The problem is not that existing languages make parallel programming impossible. It is that they don't make it simple.

This is similar to the problem of manual memory management in languages like C and C++. It takes years of discipline before you learn to write programs that will not leak memory or misuse it in some way - and even when you do, memory management still takes a considerable portion of the time you spend programming. Contrast that with platforms like Java and .NET which cut the red tape and allow you to simply specify what needs to be done, and the platform takes care of the memory management.

It is also similar to the problem of security in language like C and C++. Like memory management, C doesn't make it impossible to write secure code without buffer overruns. It just doesn't make it simple. If you're using C, you're going to shoot yourself in the foot and sooner or later have some kind of buffer overrun or loose pointer problem that's going to be a security hole. If you're using C++, it takes years of discipline before you learn to write programs in ways that avoid exposing yourself to security risks. Contrast that with platforms like Java and .NET where all code is implicitly secure and verified against any kind of buffer overrun or dangling pointer. You can still commit security mistakes in less obvious ways, but the lion share of potential vulnerability surface is eliminated.

Java and .NET make it possible for non-expert programmers - which means most - to write code that can actually be used. If these programmers were to use C or C++, their software would be riddled with memory leaks and security holes, rendering the software unstable and impossible to use. But since they write their code for .NET and Java, their programs might be inefficient and not as sleek as they might have been if they were written by experts; but the programs will work, and they might actually be used safely in practice.

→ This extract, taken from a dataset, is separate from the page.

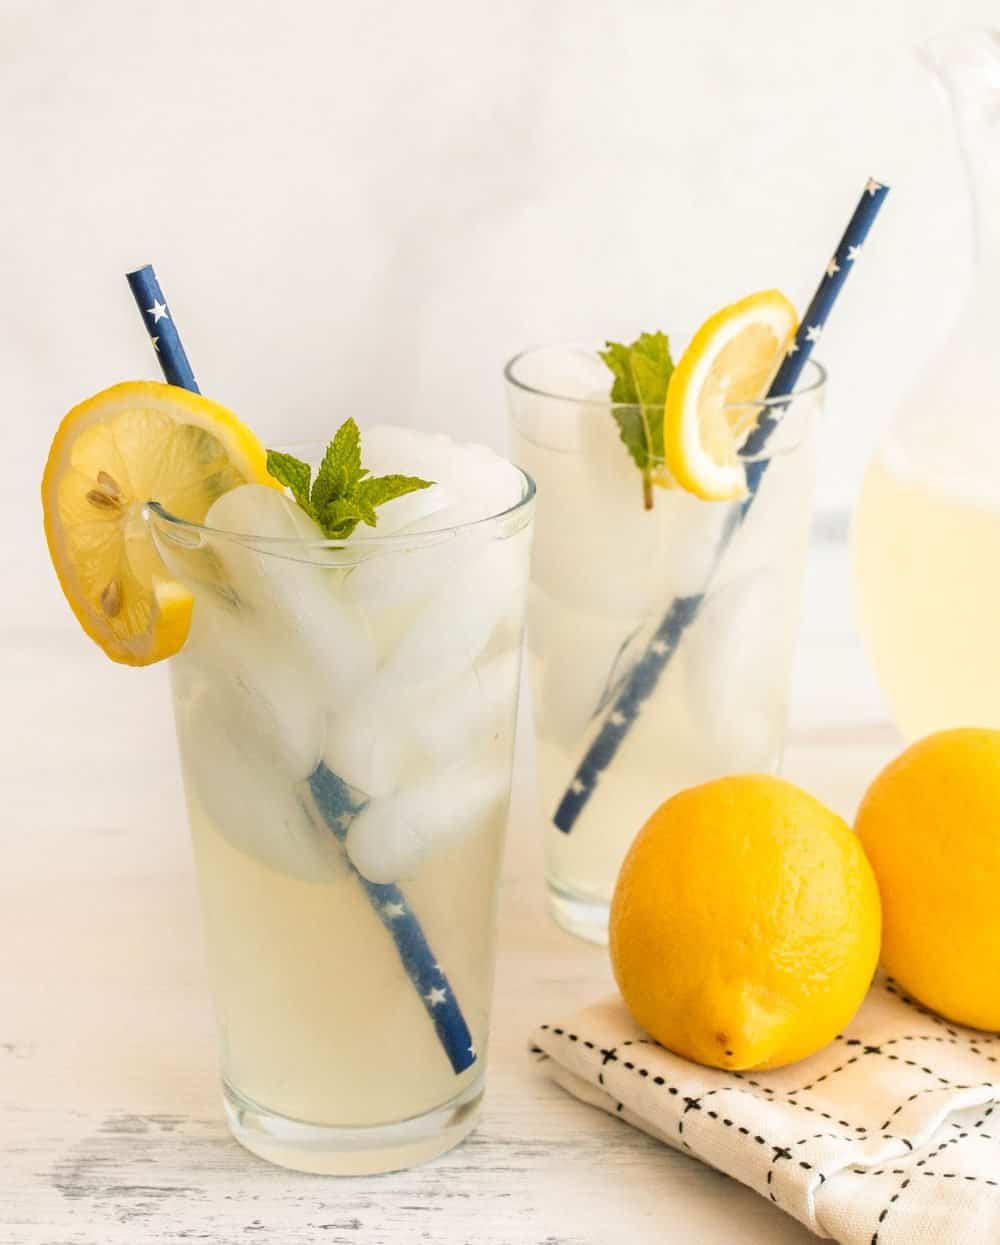 two glasses of lemonade with blue straws, ice, and a lemon and mint garnish

The problem with parallel programming is that we have no mainstream, widely-accepted platform that makes parallel programming simple, like .NET and Java make it simple to use memory and avoid dangling pointers and buffer overruns.

The major paradigm we have for parallel programming today is the multithreaded, shared-memory locking scheme. As above, this paradigm doesn't make parallel programming impossible, it just makes it damn difficult to do well. You might have already read somewhere that, even if you are an expert, the question is not whether you will encounter race conditions and deadlocks; it is when. It takes years of discipline before you learn to write programs to avoid these problems, and even then thinking about this takes an inordinate amount of your time, and you can still easily shoot yourself in the foot.

I spent the last year or so thinking about what a good solution to the parallel programming problem might be. In the end, I discovered that the original designers of Unix got it right to begin with. But let me first tell you about the other things I considered.

I built up my skills programming on Windows, which uses the multithreaded, shared-memory, locking approach to parallel programming I criticized above. I was looking at how simple it is to program concurrent software in SQL with transactions, and I was wondering how the concept of transactions might be used in software. I found that this concept is called a Software Transactional Memory; I wrote my own C++ implementation of it and found that other implementations already exist in .NET and in Haskell. Software Transactional Memories sound good in principle. Instead of surrounding access to shared memory with manual locking, which leads to race conditions if you lock inappropriately and to deadlocks if you lock in a conflicting order, in STM, all access to shared memory takes place within a transaction. When you're in a transaction, you always see memory in a consistent state. If another thread needs to modify the memory in the meanwhile, the transaction mechanism makes sure that you either can still see the previous state, or it aborts your transaction so that you can retry it, this time hopefully getting a consistent state.

The problem with STM is that, no matter how you approach it, you cannot avoid the possibility that any transaction might need to be aborted and retried - either to avoid deadlock, or to avoid working with inconsistent state. Aborting and retrying, though, is a much easier proposition in functional languages like Haskell than in imperative languages like C++, C# and Java. The essential problem is that the language does not provide any means to separate code that can produce side effects (various kinds of I/O) from code that just manipulates memory. Code that just manipulates memory can be easily retried by resetting its state and letting it run again. But code that does I/O cannot be retried because it can result in incorrect behavior.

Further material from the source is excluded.